Wati memposisikan putrinya duduk di sebelah Firas. Memakaikan kerudung di atas kepala mereka berdua. Kemudian Pak Penghulu bersiap-siap untuk memulai.

"Saya nikahkan dan saya kawinkan saudari Prita Laura binti Susilo dengan Firas Corten bin Abdullah Corten dengan mas kawin berlian tujuh puluh tujuh carat dibayar tunai!" Pak Penghulu mengucapkan kata-kata sakral itu dengan khusyuk.

"Saya terima nikah dan kawinnya Prita Laura binti Susilo dengan mas kawin tersebut, tunai!" ucap Firas tegas.

"Bagaimana para saksi? Sah?" tanya Pak Penghulu pada semua saksi yang ada.

"Sah!" Para saksi mengatakannya dengan jelas dan tegas.

Ketika Firas mengucapkan kata-kata itu, hampir membuat Prita berhenti bernafas. Karena cita-citanya untuk menikah dengan orang yang gadis itu cintai gagal. Namun, ini sudah menjadi keputusannya. Jadi, apa pun yang terjadi nanti, ia berharap bahwa ia tidak akan pernah menyalahkan siapapun. Entah itu ayahnya ataupun ibunya.

Gadis itu melihat ekspresi lega dari wajah ayah dan ibunya. Ia berusaha menguatkan dirinya sendiri bahwa keputusannya menerima pernikahan itu memang sudah benar.

Setelah akad nikah selesai, ia langsung dibawa pulang oleh suaminya tanpa membawa barang sekecil apapun. Ia hanya membawa pakaian kebaya saja yang ia kenakan saat ini.

Selama perjalanan menuju rumah Firas, ia tidak mengeluarkan sepatah kata pun. Ia menatap ke arah luar, melihat kendaraan yang lalu lalang. Manik matanya yang sembab hampir saja meneteskan bulir-bulir bening jika tidak ia tahan. Ini benar-benar pertama kalinya ia jauh dari kedua orang tuanya.

"Loh, kok, Papah sama Mamah kamu belok ke sana Om?" tanya Prita melihat bapak dan ibu mertuanya keluar jalur dan berbelok ke arah yang berbeda.

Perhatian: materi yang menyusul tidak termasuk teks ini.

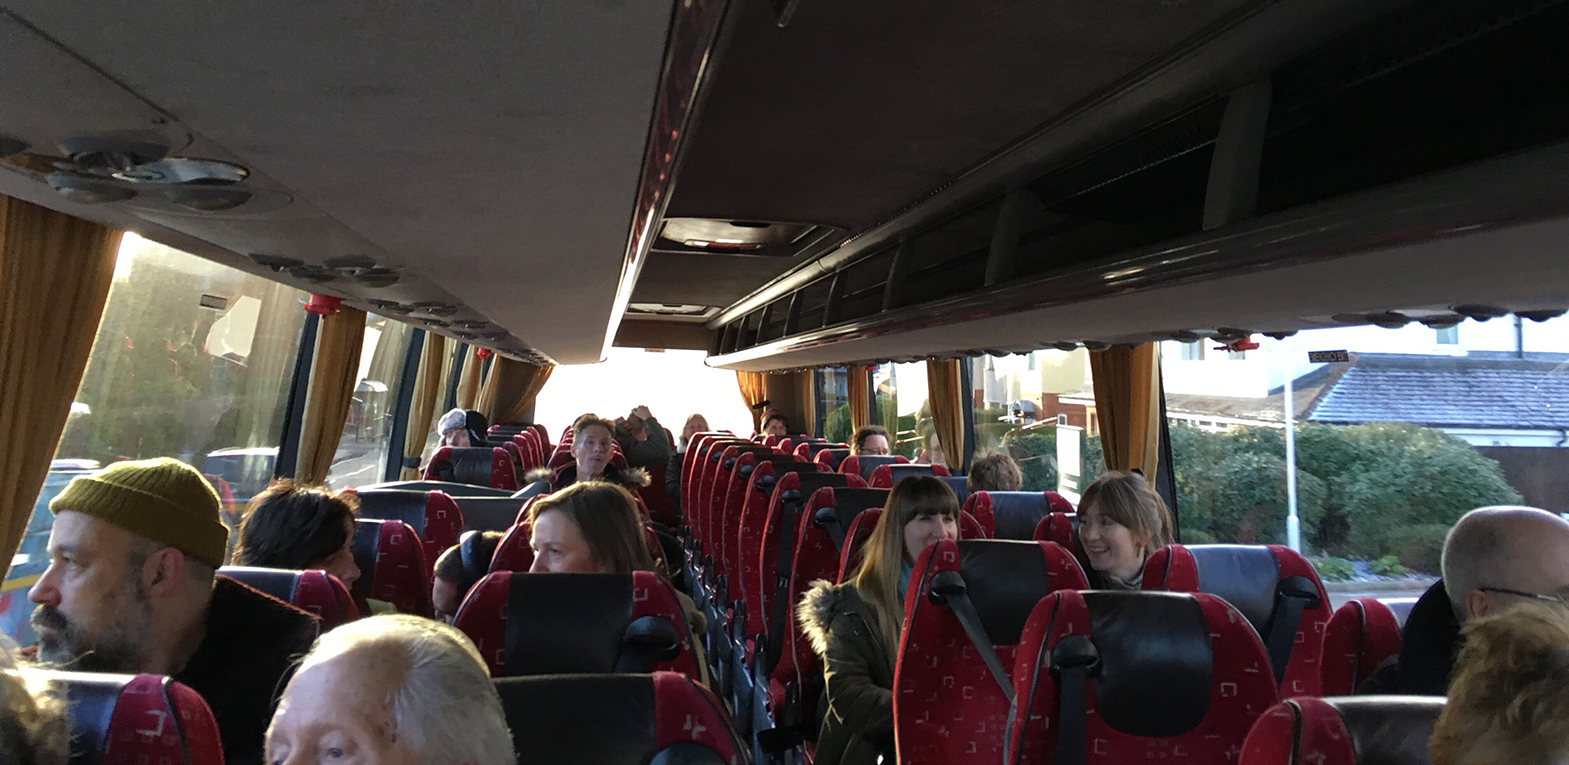 Participants on the Precarious Landscape bus tour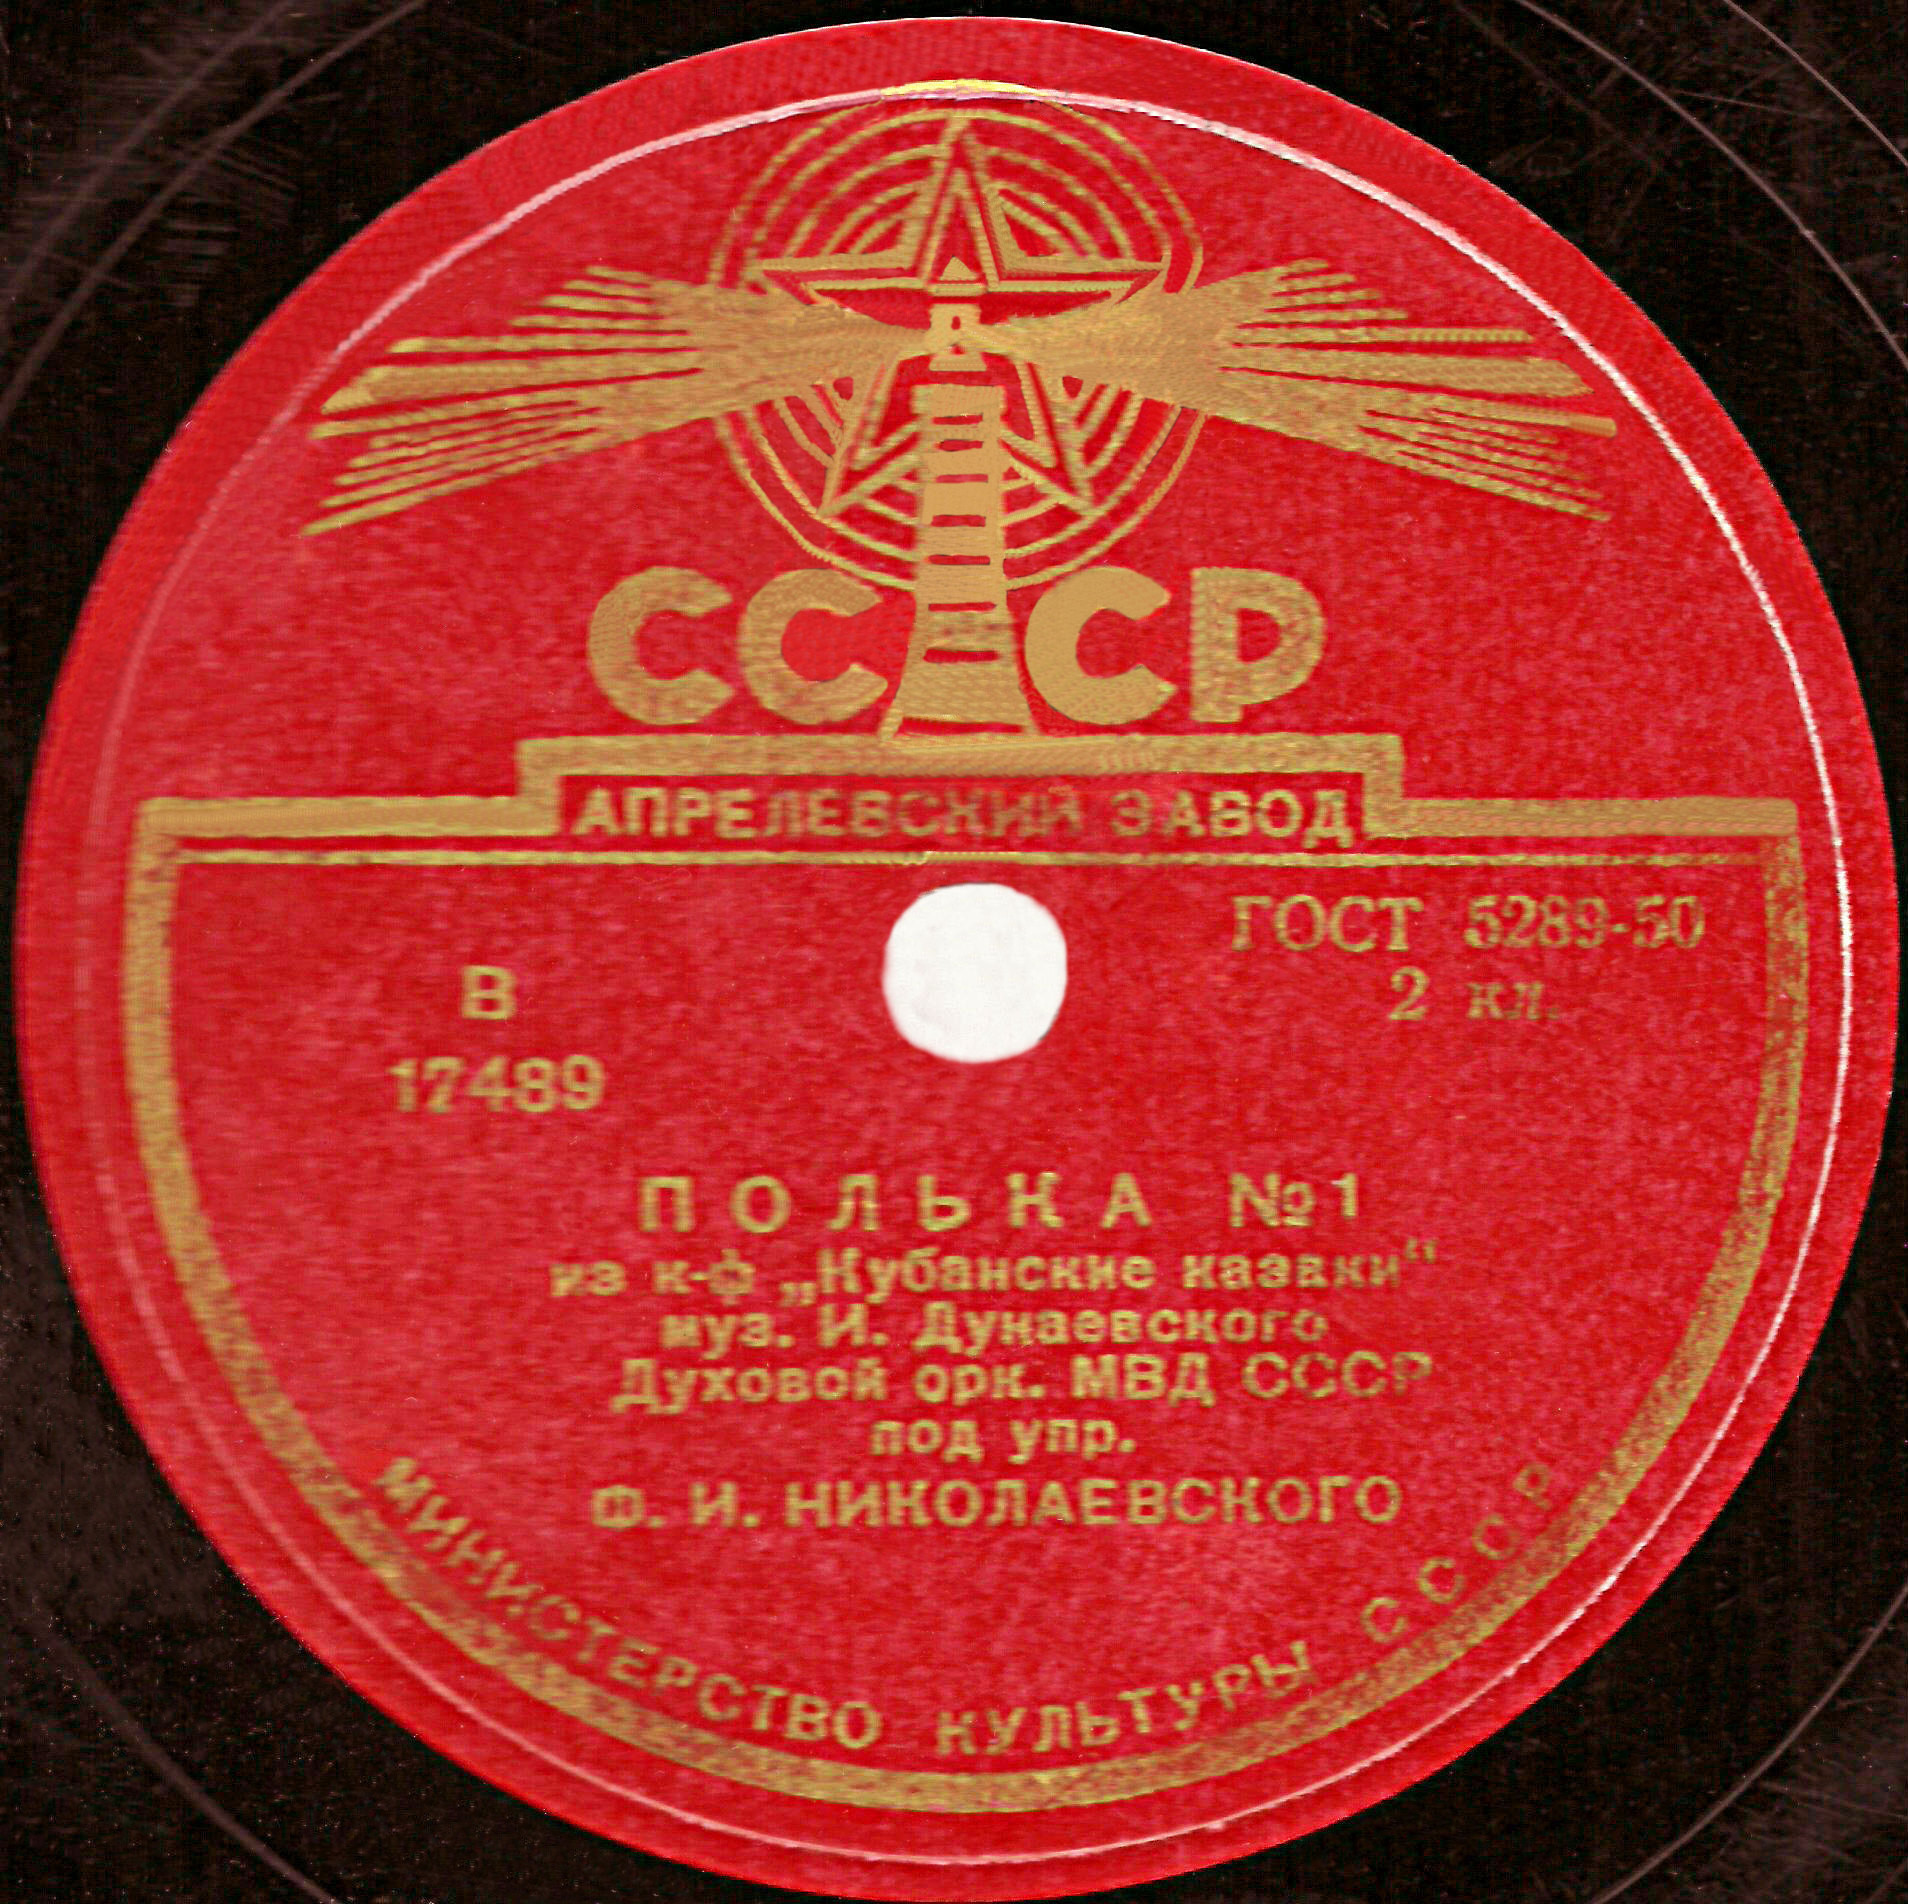 Духовой оркестр МВД СССР, дир. Ф. Николаевский

"Siapa yang kamu panggil om?" Firas balik bertanya dengan suara beratnya.

"Hehehe ... maaf. Abisnya aku ngga tahu harus manggil apa," sahut Prita terkekeh geli.

"Emangnya aku setua itu apa? Panggil aku mas atau kalo ngga panggil aku sayang," kata Firas meminta istri kecilnya memanggilnya dengan sebutan sayang.

"Ngga pantes kalo di panggil mas. Emang udah tua, kok, ngga nyadar yah?" sahut Prita bergurau.

"Prita!" teriak Firas merajuk sambil menyentil dahi Prita.